Paul Kedrosky points at a recent paper from CMU which suggests randomly mixing in some low ranking pages may improve search results over time.

Unfortunately, the correlation between popularity and quality
is very weak for newly-created pages that have few
visits and/or in-links. Worse, the process by which new,
high-quality pages accumulate popularity is actually inhibited
by search engines. Since search engines dole out
a limited number of clicks per unit time among a large
number of pages, always listing highly popular pages at
the top, and because users usually focus their attention on
the top few results, newly-created but high-quality
pages are “shut out.”

We propose a simple and elegant solution to
this problem: the introduction of a controlled
amount of randomness into search result ranking
methods.

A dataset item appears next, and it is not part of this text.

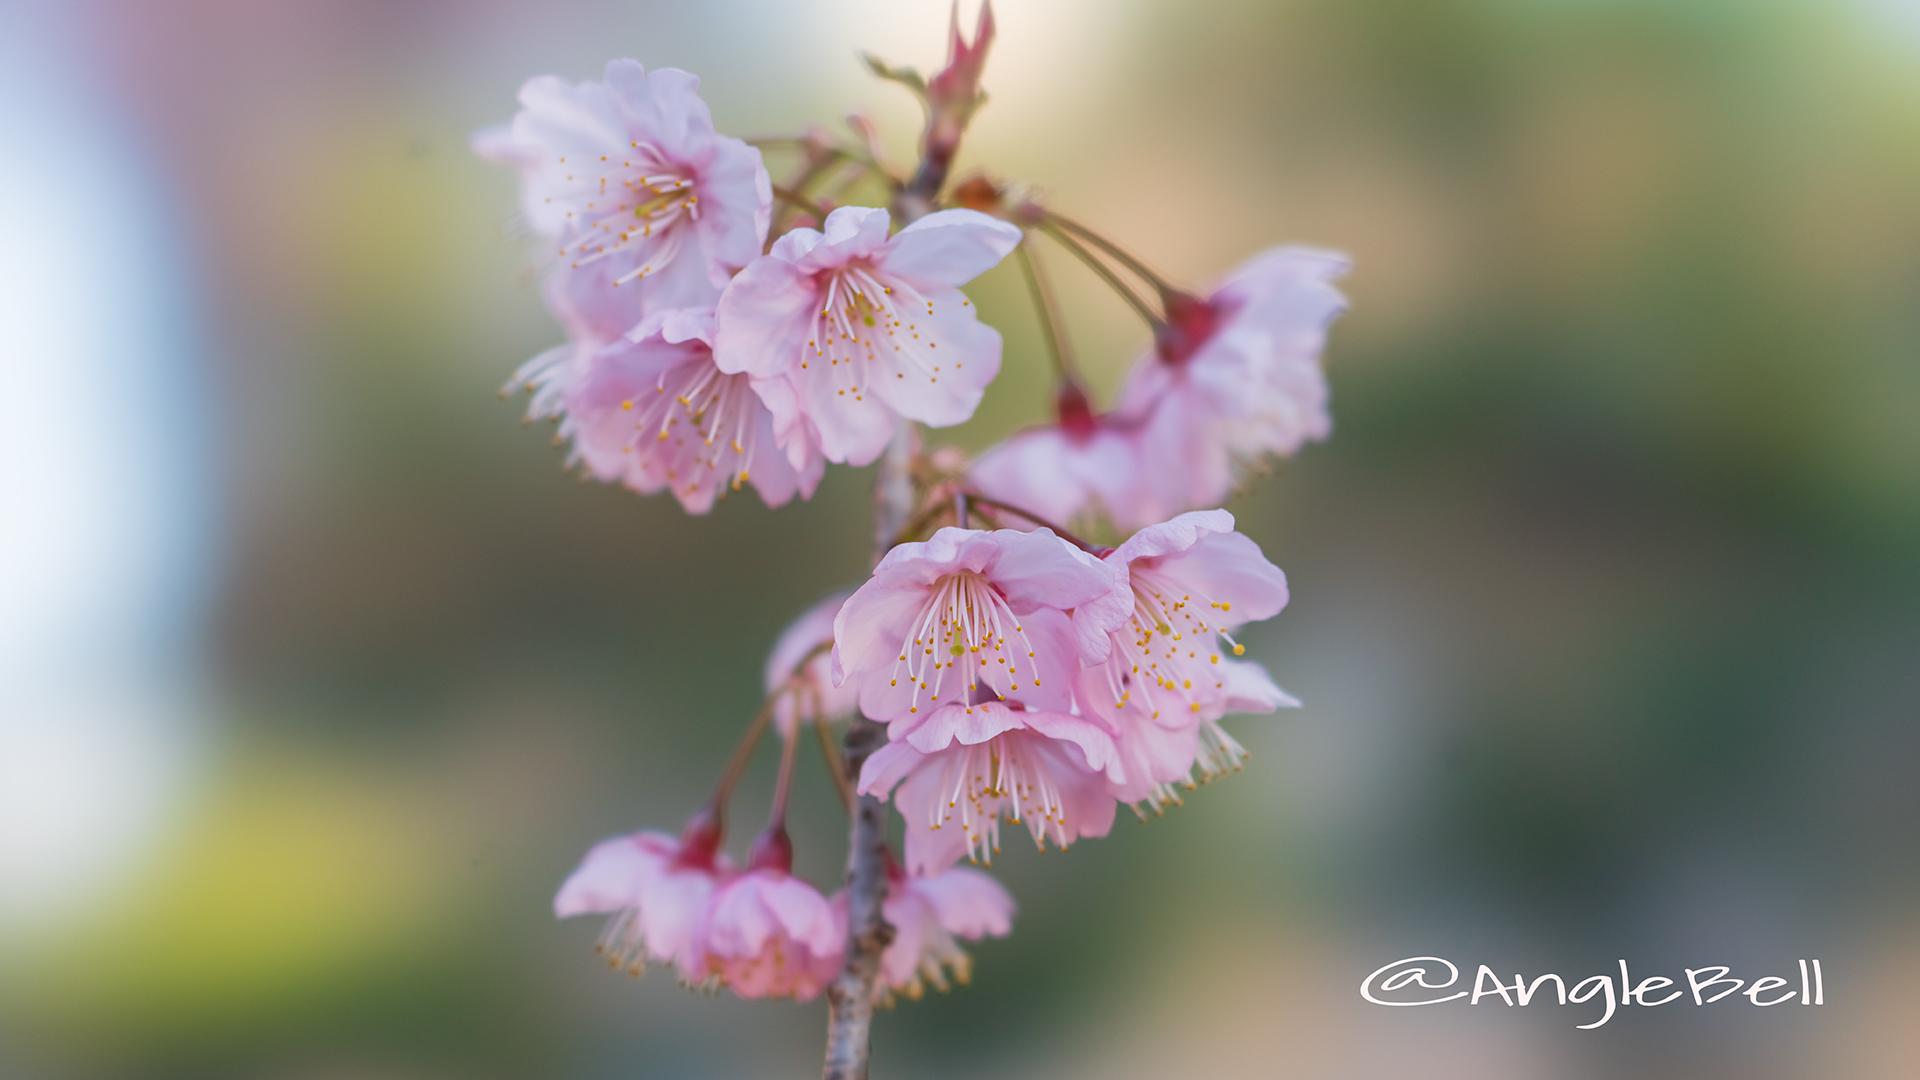 ツバキカンザクラ 椿寒桜 Flower Photo2019_01
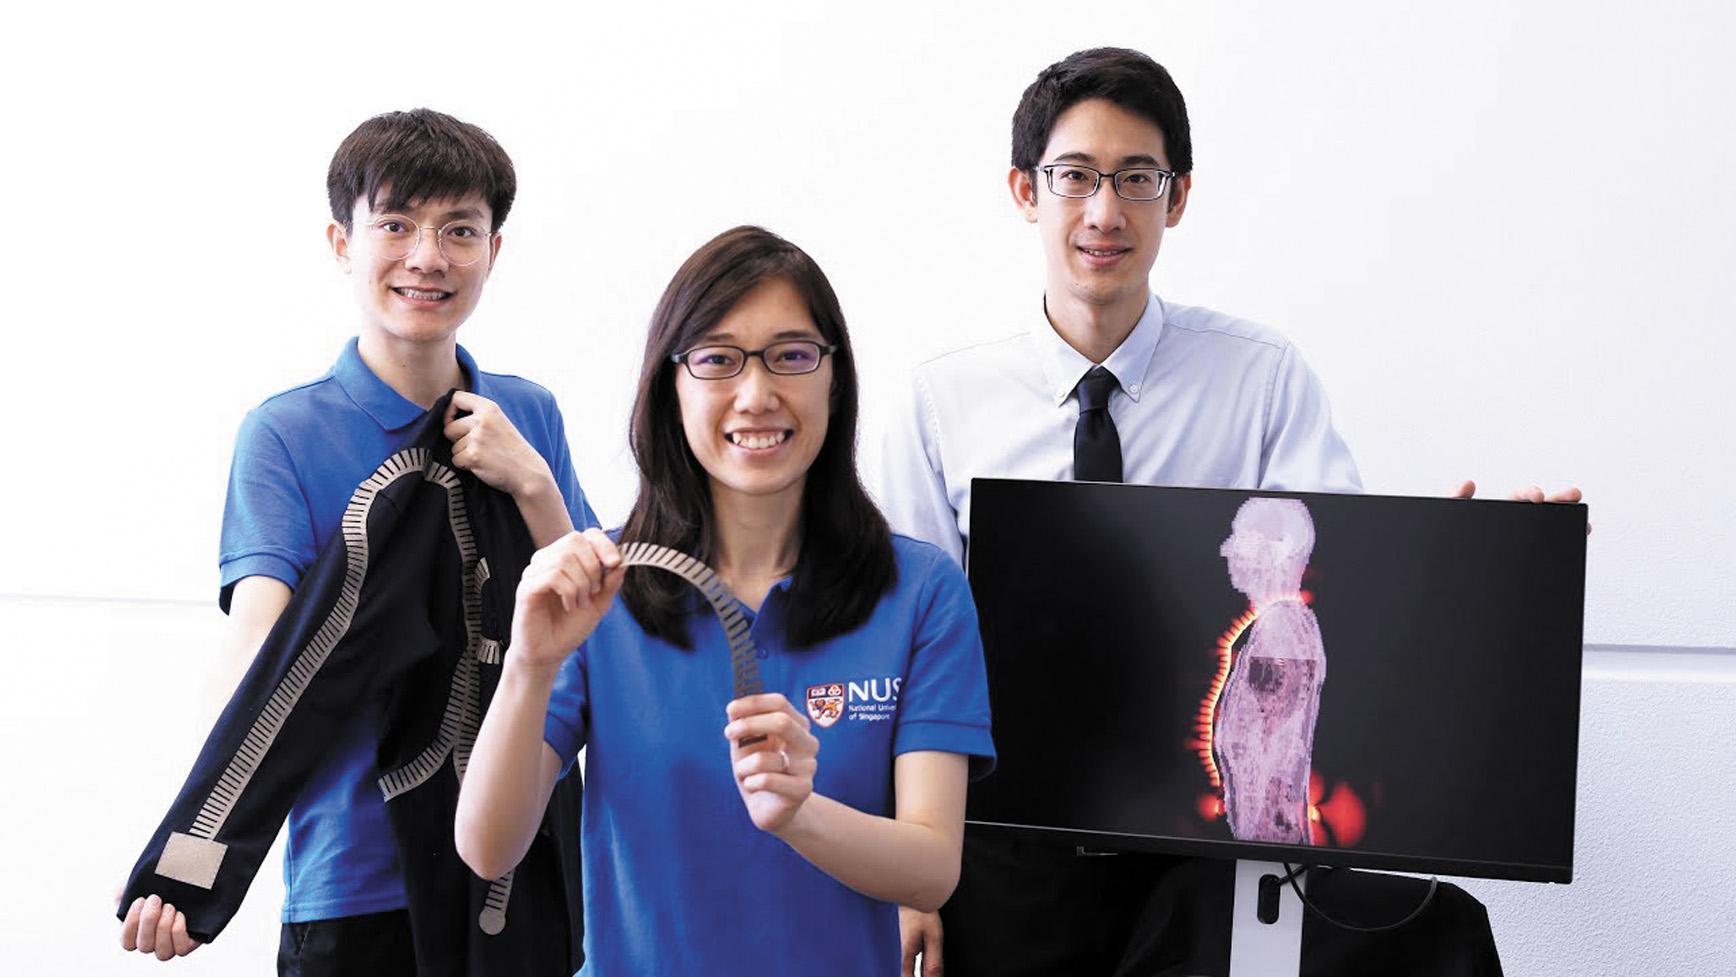 Создатели «умного» текстиля (слева направо): аспирант Си Тянь (Xi Tian), научный сотрудник доктор Пуй Мун Ли (Pui Mun Lee) и доцент Джон Хо (John Ho) вместе с семью исследователями из Национального университета Сингапура потратили целый год на разработку проводящей одежды

Doing so offers new pages a chance
to prove their worth, although clearly using too
much randomness will degrade result quality and
annul any benefits achieved. Hence there is a
tradeoff between exploration to estimate the quality
of new pages and exploitation of pages already
known to be of high quality. We study this tradeoff
both analytically and via simulation, in the context
of an economic objective function based on
aggregate result quality amortized over time. We
show that a modest amount of randomness leads
to improved search results.

Link:
Shuffling a Stacked Deck: The Case for Partially
Randomized Ranking of Search Engine Results
,

Reverse engineering a referer spam campaign

It looks like someone’s launched a new referrer spam campaign today, there’s a huge uptick in traffic here. The incoming requests are from all over the internet, presumably from a botnet of hijacked PCs, but it looks like all of the links point to a class C network at 85.255.114 somewhere in the Ukraine.

It’s interesting to think a little about link spam campaigns and what opportunity the operators hope to exploit. Two major types of link spam on blogs are comment spam and referrer spam. My perception is that comment spam is more common. Most blogs now wrap outgoing links in reader comments with “rel=nofollow” to prevent comments links from increasing Google rank for the linked items, but the links are still there for people to click on.

Referrer spam is more indirect. It is created by making an HTTP request with the REFERER header set to the URL being promoted. Most of the time, this will only be visible in the web server log.

Here is a typical HTTP log entry:

87.219.8.210 	[04/Feb/2006:15:20:35 	-0800]
    GET 	/weblog/archives/2005/09/15/google-blog-search-referrers-working-now 	HTTP/1.1
    403 	- 	"http://every-search.com"

Some blogs and other web sites post an automatically generated list of “recent referrers” on their home page or on a sidebar. In normal use, this would show a list of the sites that had linked to the site being viewed. Recent referrer lists are less common now, because of the rise of referrer spam.

Referrer spam will also show up in web site statistic and traffic summaries. These are usually private, but are sometimes left open to the public and to search engines.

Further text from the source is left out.